### WORKING DATA
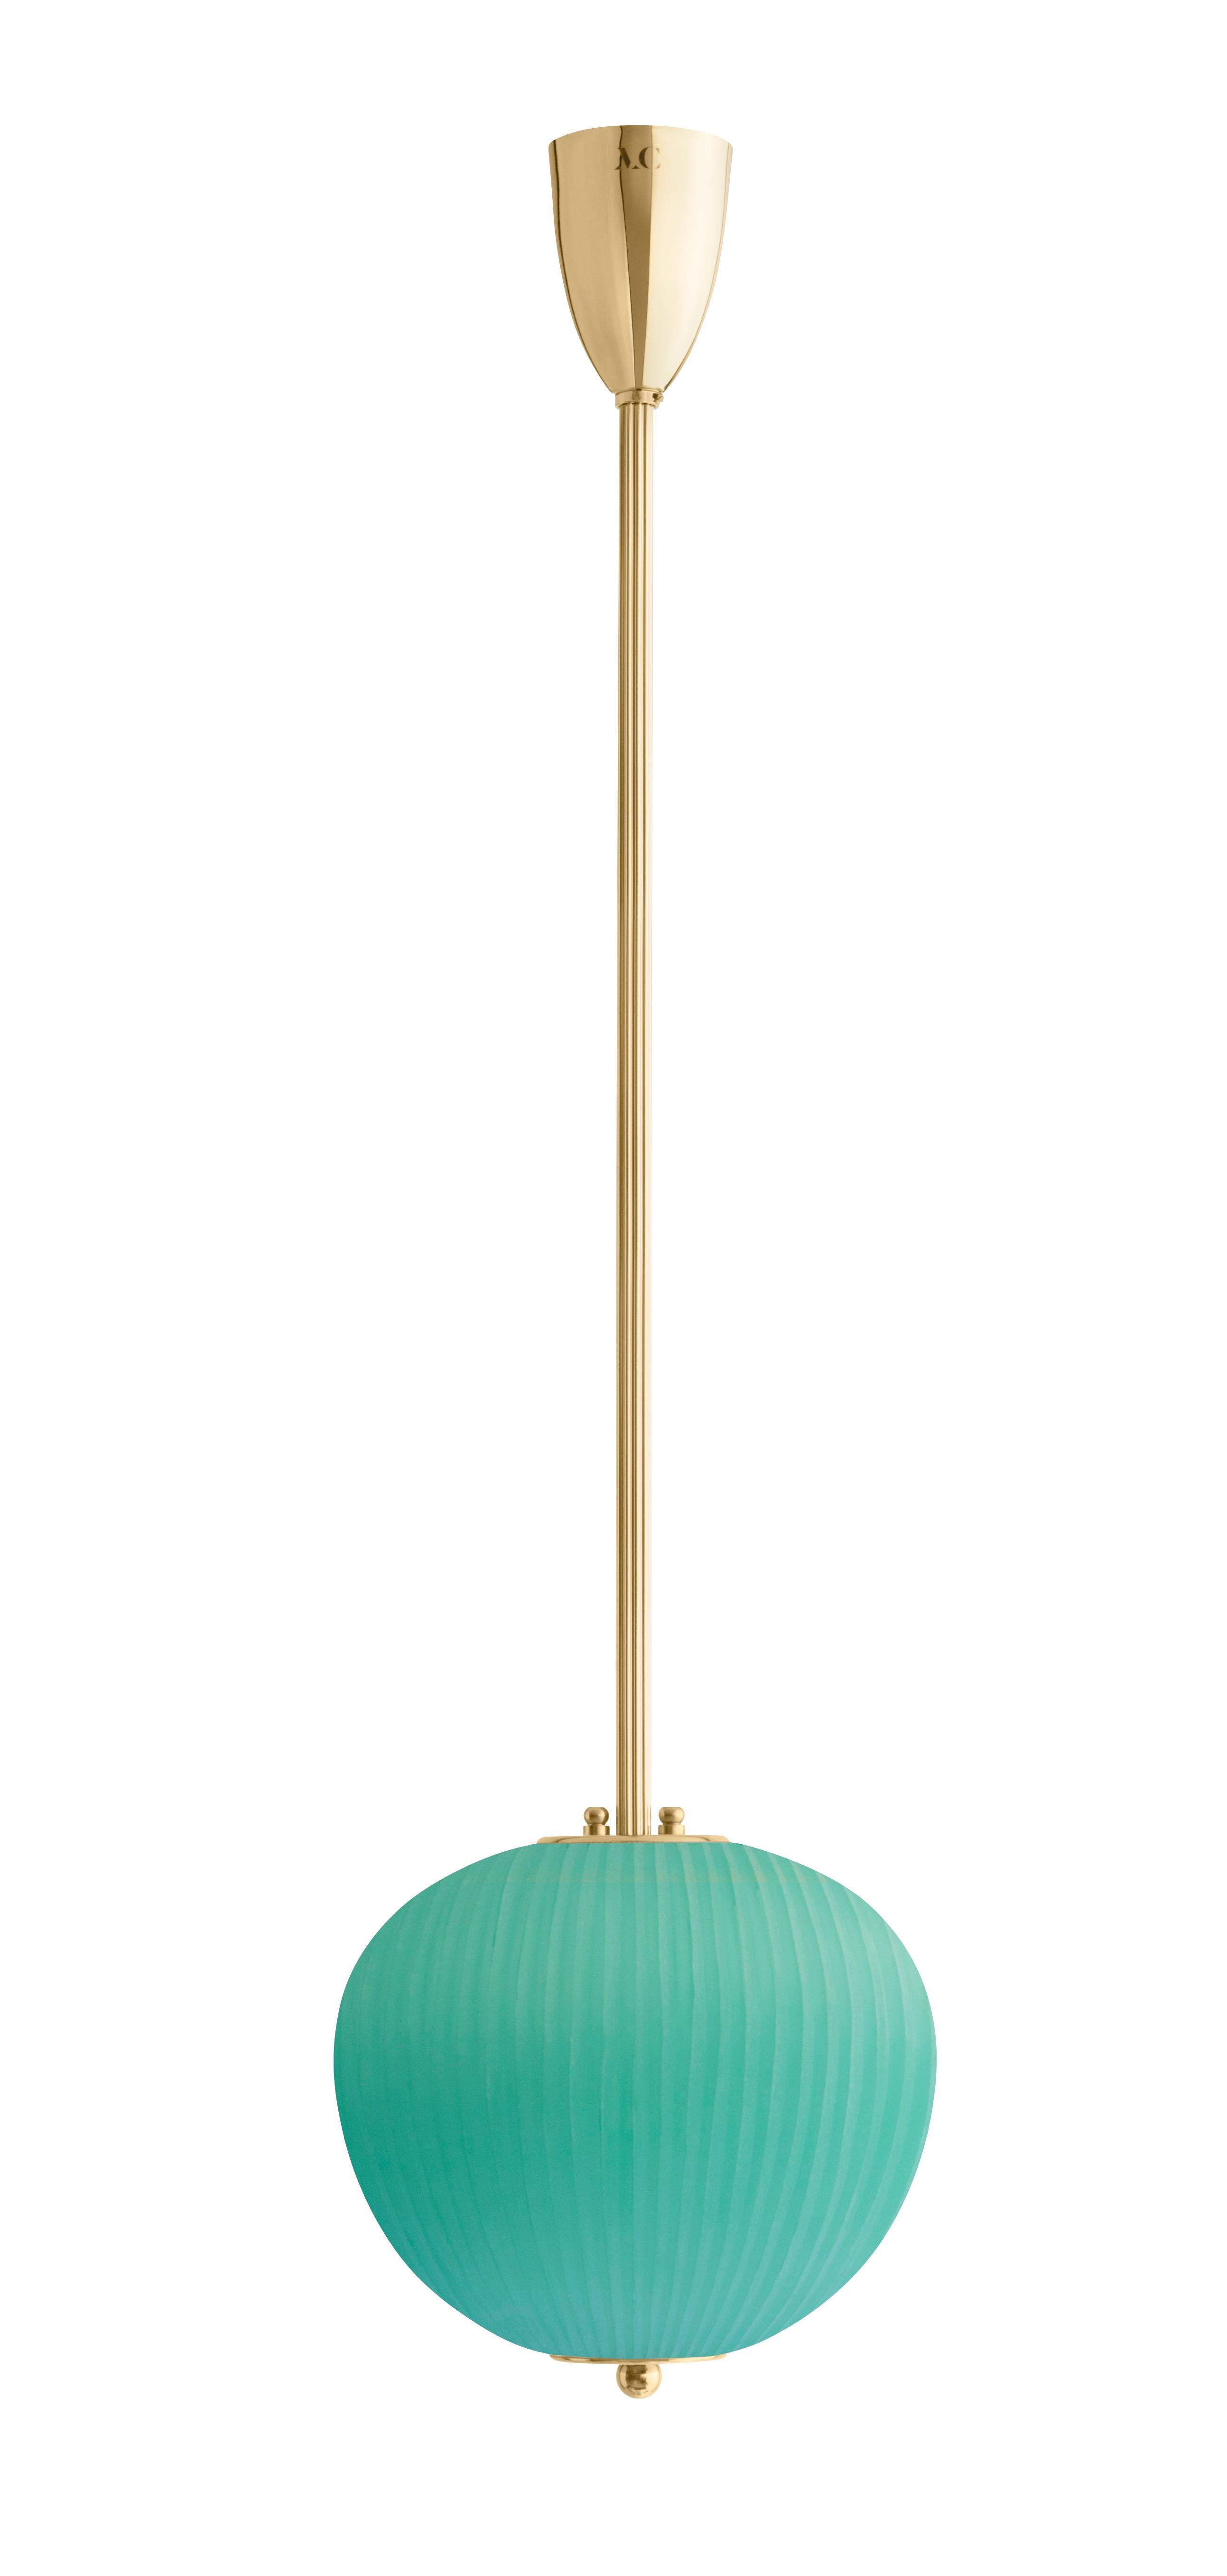 Pendant China 03 by Magic Circus Editions
Dimensions: H 90 x W 26.2 x D 26.2 cm, also available in H 110, 130, 150, 175, 190
Materials: Brass, mouth blown glass sculpted with a diamond saw
Colour: jade green

Available finishes: Brass,
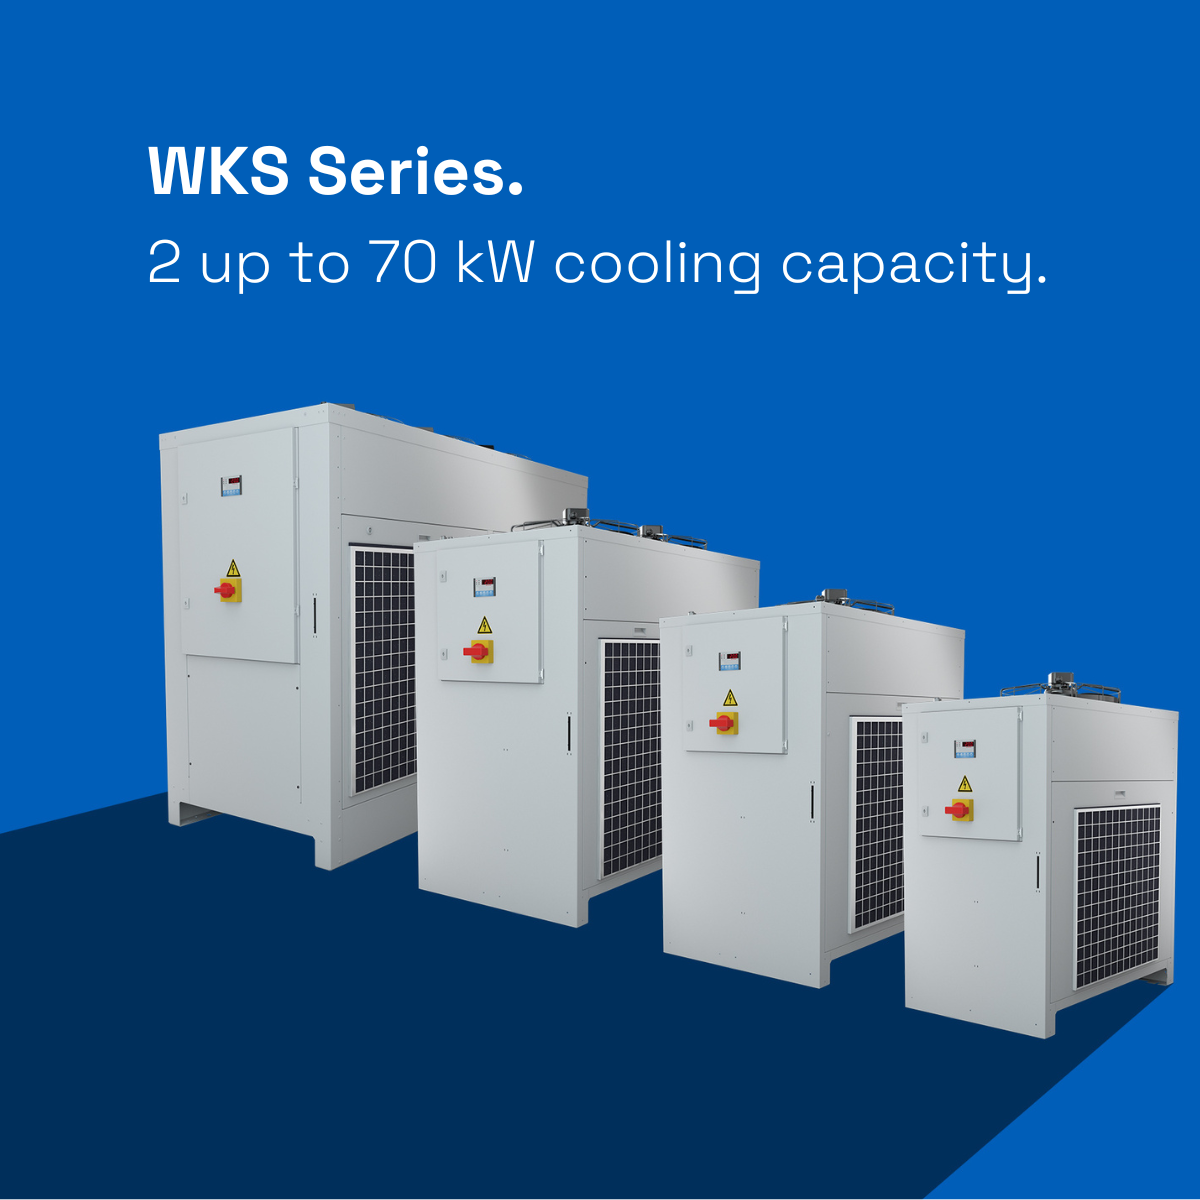 WKS series. Cooling capacities from 2 kW to 70 kW.
######
### [YOUR ASSIGNMENT]
Going through the entries above, show each line that contains "Brass".

### [RESPONSE FOR THIS EXERCISE]
Materials: Brass, mouth blown glass sculpted with a diamond saw
Available finishes: Brass,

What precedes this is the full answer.